Швейцар в белых перчатках придержал дверь и кивнул Картеру, узнав его.
— Ваша супруга наверху, с посетителем, — сообщил швейцар.
— Спасибо.
Шагая по главному залу галереи, Картер обратил внимание на несколько новых картин в красивых рамах. Самой значительной ему показался портрет голландского вельможи в красивом плаще с меховым воротником.
— Этот портрет, да будет вам известно, некогда приписывали Рембрандту.
Картер, не оборачиваясь, узнал того, кто сказал это. Ричард Рейли, урожденный Рикки Радниц, вместе с настоящим именем утративший лонг-айлендский акцент. Теперь он говорил так, будто родился и вырос в лондонском районе Мейфэр.
— Доброе утро, — поздоровался с ним Картер. — Я был по соседству и решил сделать сюрприз Бет.
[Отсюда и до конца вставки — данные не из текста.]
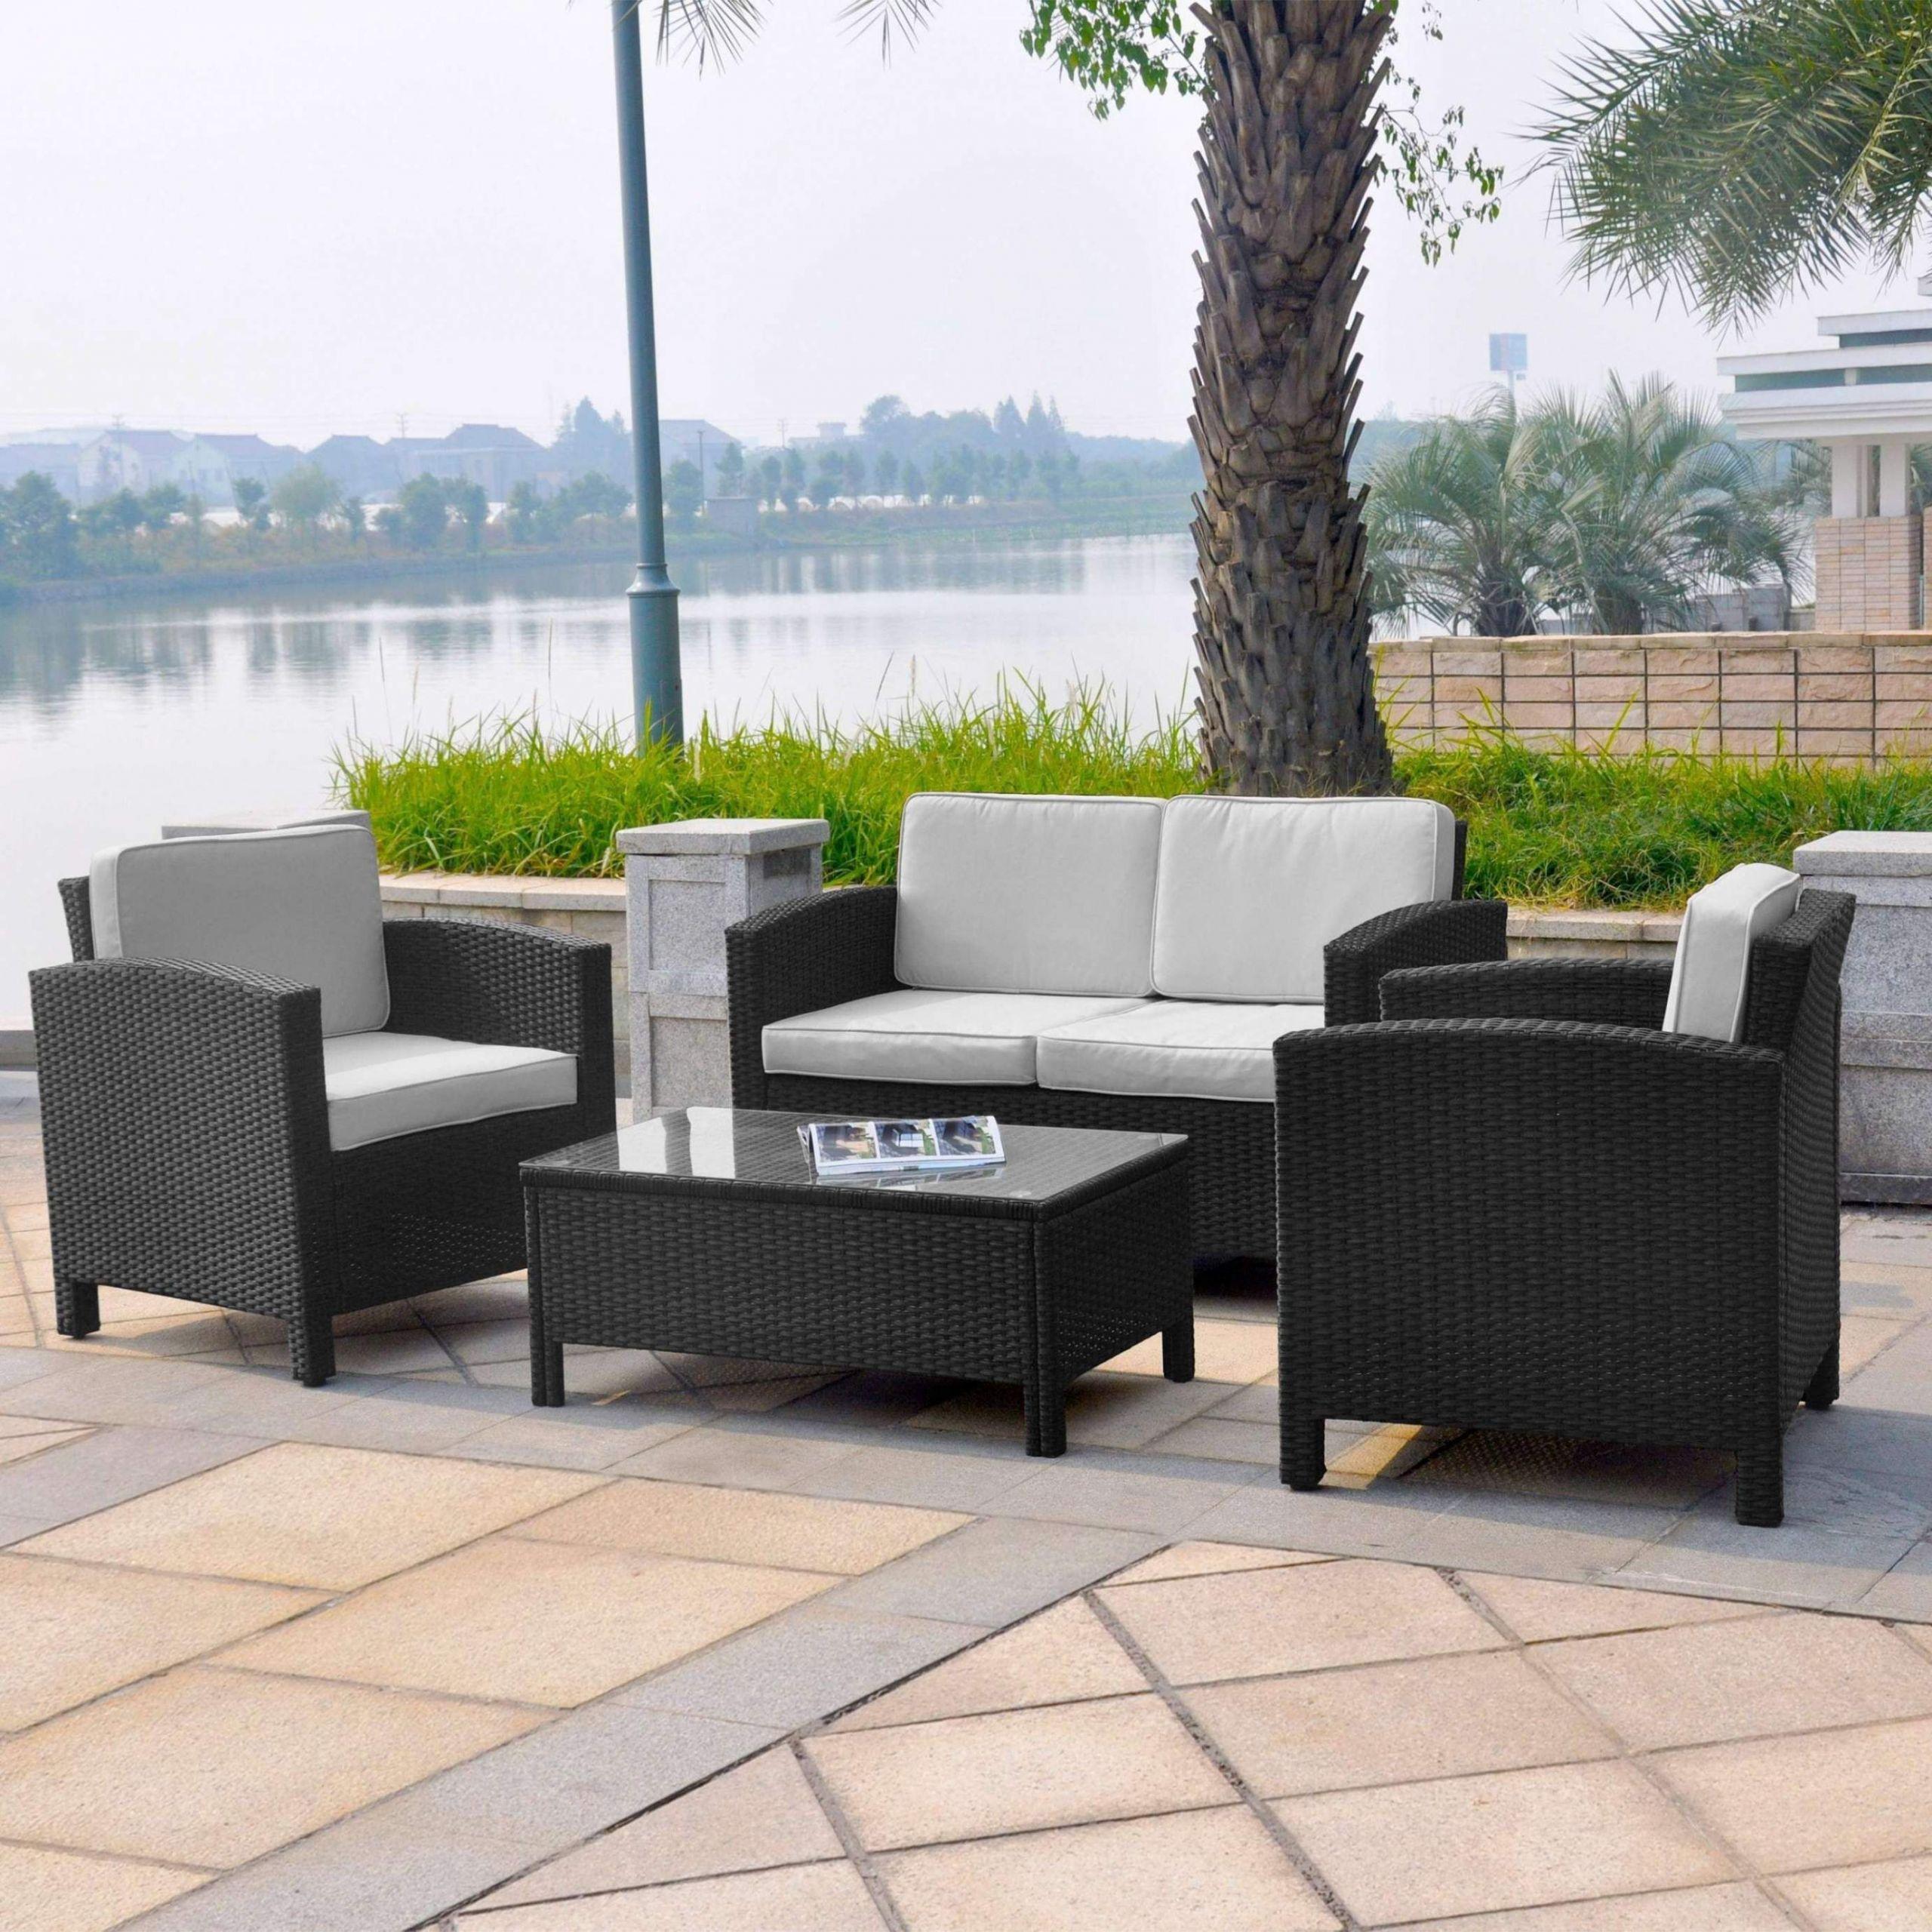 45 elegant lounge mobel galerie lounge mobel selber bauen lounge mobel selber bauen

— По-моему, — продолжал Рейли, взяв Картера под руку и подведя его ближе к картине, — это полотно по-прежнему стоит относить к Рембрандту. Взгляните на мазок, присмотритесь лучше, обратите внимание на детали костюма. Разве кто-то из его учеников был настолько хорош?
Картер, конечно, не знал ни одного ученика Рембрандта, и авторство портрета его совсем не интересовало. Ему хотелось как можно скорее подняться наверх, найти Бет и узнать, есть ли у нее время перекусить в Центральном парке. Он решил, что это будет идеальная обстановка для того, чтобы сообщить жене о скором визите Руссо.
— Мне ужасно нравится этот портрет, — признался Картер. — Но я больше привык оценивать кости, а не картины.
— Это верно. Вы специализируетесь в еще более древних вещах, чем я, — тонко улыбнувшись, сказал Рейли.
Он был небольшого роста, подвижный, одетый с иголочки. Бет как-то раз проболталась Картеру, что седина на висках у Рейли не настоящая — это творение его парикмахера. По всей видимости, Рейли считал, что благородная седина придает ему более значительный вид, вид человека, которому можно доверять.
— Швейцар мне сказал, что Бет наверху, — проговорил Картер, осторожно высвобождая руку.
— Знаете, какое различие между неоспоримым авторством и формулировкой «школа такого-то»?
— Боюсь, сразу не отвечу.
— Миллионы, мой мальчик, миллионы. А когда речь идет о таком портрете маслом? Тут мы имеем разницу в пятнадцать — двадцать миллионов.
— Интересно, — кивнул Картер. Он не прекращал попытки пройти к лестнице.
— Бет принимает нового посетителя, — предупредил его Рейли. — Вынужден попросить вас не отвлекать ее, если она его еще консультирует.